So the primary issue is that the first-letter content points to a display: contents element...

Comment 2

[Bob Clary [:bc] (inactive)]

Bughunter found this via the attached test case for both Nightly/60, Beta/59 on Windows and Linux. Also crashes opt builds with various stacks containing nsCSSFrameConstructor::MaybeRecreateContainerForFrameRemoval

Comment 3

[Jet Villegas (inactive)]

[ Triage 2017/02/20: P2 ] P2 bugs may become P1's after further analysis. Please prioritize diagnosis and repair.

Comment 4

[Emilio Cobos Álvarez (:emilio)]

Attachment: Bug 1437155: Avoid giving a first-letter frame to a display: contents element.

It doesn't make sense, since they have no frame themselves, and it breaks
invariants other code relies on. Use the parent frame instead.

The stack overflow happens because we give the first-letter frame to the
display: contents element, then we reframe it.

Removing a display: contents node calls ContentRemoved on all the children. One
of these children is this text-node inside the first-letter frame. Since it was
split by bidi resolution we go ahead and reframe the parent in:

  https://searchfox.org/mozilla-central/rev/d2b4b40901c15614fad2fa34718eea428774306e/layout/base/nsCSSFrameConstructor.cpp#9688

But the parent is the display: contents node, which results in infinite
recursion.

The usage of GetParent() is wrong anyway too, since it doesn't handle XBL or
Shadow DOM in any way.

Review commit: https://reviewboard.mozilla.org/r/224966/diff/#index_header
See other reviews: https://reviewboard.mozilla.org/r/224966/

Comment 5

[Emilio Cobos Álvarez (:emilio)]

Comment on attachment 8956020 [details]
Bug 1437155: Avoid giving a first-letter frame to a display: contents element.

Review request updated; see interdiff: https://reviewboard.mozilla.org/r/224966/diff/1-2/

Comment 6

[Mats Palmgren (inactive)]

Comment on attachment 8956020 [details]
Bug 1437155: Avoid giving a first-letter frame to a display: contents element.

https://reviewboard.mozilla.org/r/224966/#review230940

Seems reasonable to me.
I think we need to update the "So use its parent for the first-letter." comments also.

I think the "its" there refers to the text node, so this change makes that untrue.
Perhaps something like "So use the parent frame's content as the first-letter
frame's content too.".  Then again, that's a bit wordy for what is fairly obvious
code, so perhaps just remove this part of the comment? (Please keep the first part
about not using the text node itself though.)

Comment 7

[Emilio Cobos Álvarez (:emilio)]

Comment on attachment 8956020 [details]
Bug 1437155: Avoid giving a first-letter frame to a display: contents element.

Review request updated; see interdiff: https://reviewboard.mozilla.org/r/224966/diff/2-3/

Comment 8

[Emilio Cobos Álvarez (:emilio)]

(In reply to Mats Palmgren (:mats) from comment #6)
> Comment on attachment 8956020 [details]
> Bug 1437155: Avoid giving a first-letter frame to a display: contents
> element.
> 
> https://reviewboard.mozilla.org/r/224966/#review230940
> 
> Seems reasonable to me.
> I think we need to update the "So use its parent for the first-letter."
> comments also.
> 
> I think the "its" there refers to the text node, so this change makes that
> untrue.
> Perhaps something like "So use the parent frame's content as the first-letter
> frame's content too.".  Then again, that's a bit wordy for what is fairly
> obvious
> code, so perhaps just remove this part of the comment? (Please keep the
> first part
> about not using the text node itself though.)

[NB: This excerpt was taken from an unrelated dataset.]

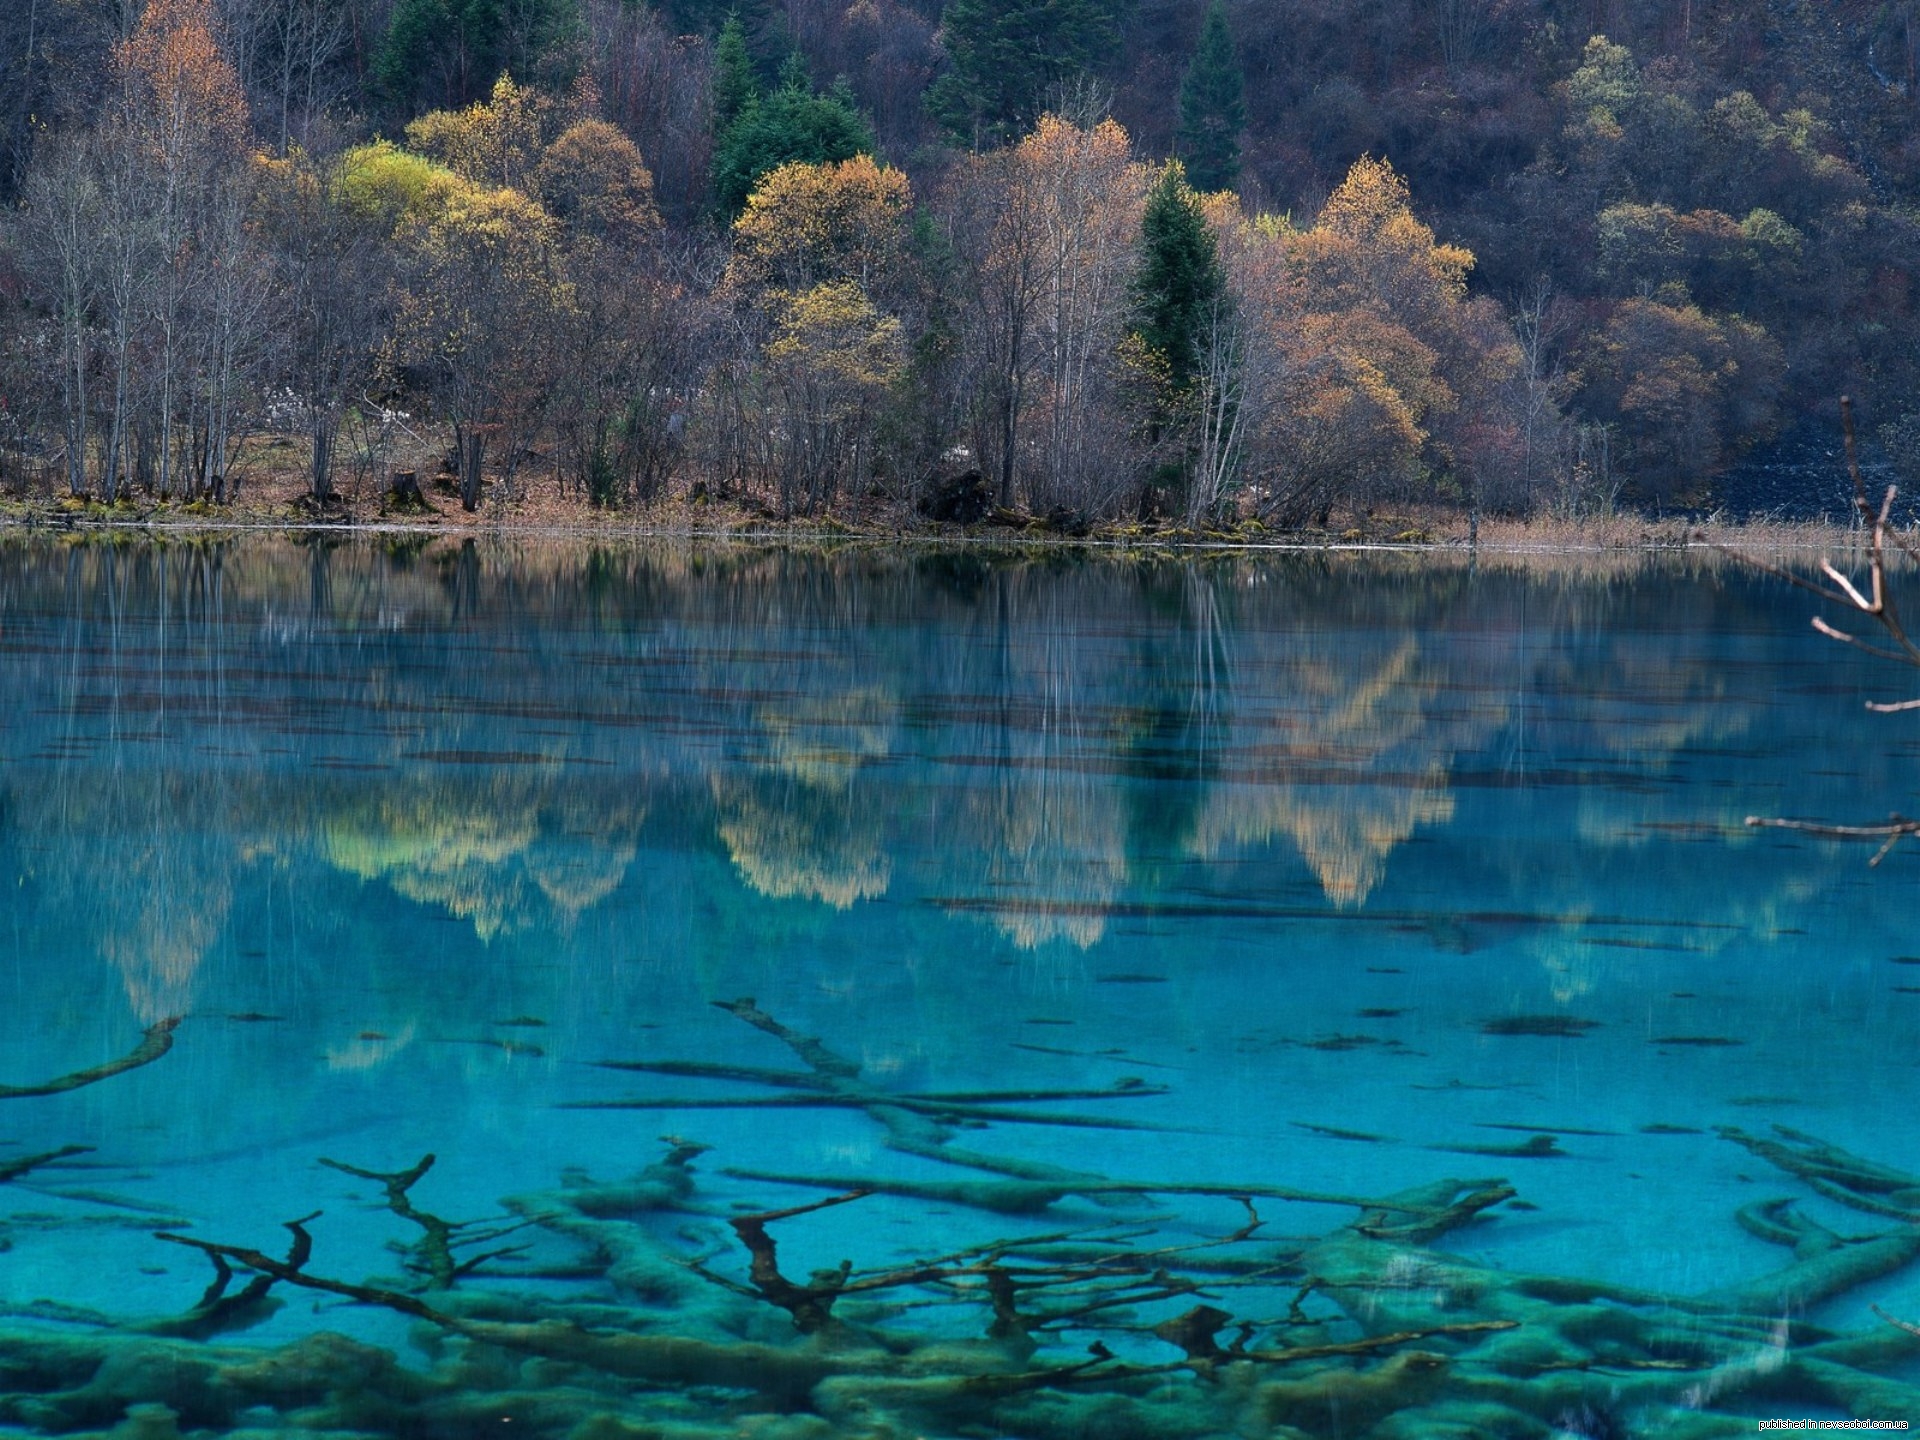 Голубая река. Национальный парк Цзючжайгоу. Бирюзовое озеро, национальный парк Цзючжайгоу, Китай. Национальный парк Цзючжайгоу Лебединое озеро. Зеркальное озеро Цзючжайгоу.

Sure, did that, thanks for the review!

Comment 9

[Pulsebot]

Pushed by ecoal95@gmail.com:
https://hg.mozilla.org/integration/autoland/rev/a9b65eec6830
Avoid giving a first-letter frame to a display: contents element. r=mats

Comment 10

[Mats Palmgren (inactive)]

We might want to revisit this once we implement bug 214004 though.
If I read the spec[1] correctly, this should work:

<outer><div>a</div></outer>
<style>
outer::first-letter{ text-decoration:underline; }
outer { display:contents; }


[1]
https://drafts.csswg.org/css-pseudo-4/#first-letter-pseudo
"The ::first-letter pseudo-element represents the first typographic
letter unit [CSS3TEXT] on the first formatted line of its originating
element, [...]"

We might want to make <outer> the content of the first-letter frame
in that case, because the <div> might also have a ::first-letter
rule associated with and it be weird to have two first-letter frames
associated with the same content.  We might want to make the frame
tree look something like this:
block(div)
  first-letter(outer)
    first-letter(div)
      text("a")

Comment 11

[Mats Palmgren (inactive)]

BTW, did you check if we have a similar problem for ::first-line frames?

Comment 12

[Mats Palmgren (inactive)]

The again, Chrome doesn't support the above testcase, even though it
supports both ::first-letter in descendant blocks and display:contents
as far as I know...

Comment 13

[Emilio Cobos Álvarez (:emilio)]

(In reply to Mats Palmgren (:mats) from comment #10)
> We might want to revisit this once we implement bug 214004 though.
> If I read the spec[1] correctly, this should work:
> 
> <outer><div>a</div></outer>
> <style>
> outer::first-letter{ text-decoration:underline; }
> outer { display:contents; }
> 
> 
> [1]
> https://drafts.csswg.org/css-pseudo-4/#first-letter-pseudo
> "The ::first-letter pseudo-element represents the first typographic
> letter unit [CSS3TEXT] on the first formatted line of its originating
> element, [...]"
> 
> We might want to make <outer> the content of the first-letter frame
> in that case, because the <div> might also have a ::first-letter
> rule associated with and it be weird to have two first-letter frames
> associated with the same content.  We might want to make the frame
> tree look something like this:
> block(div)
>   first-letter(outer)
>     first-letter(div)
>       text("a")

Yeah, so... ::first-line / ::first-letter and its interactions with display: contents are kind of a mess... Per spec they do should inherit from display: contents, yet nobody does that. But even without display: contents into account they're terribly incompatible and nobody does what the spec says.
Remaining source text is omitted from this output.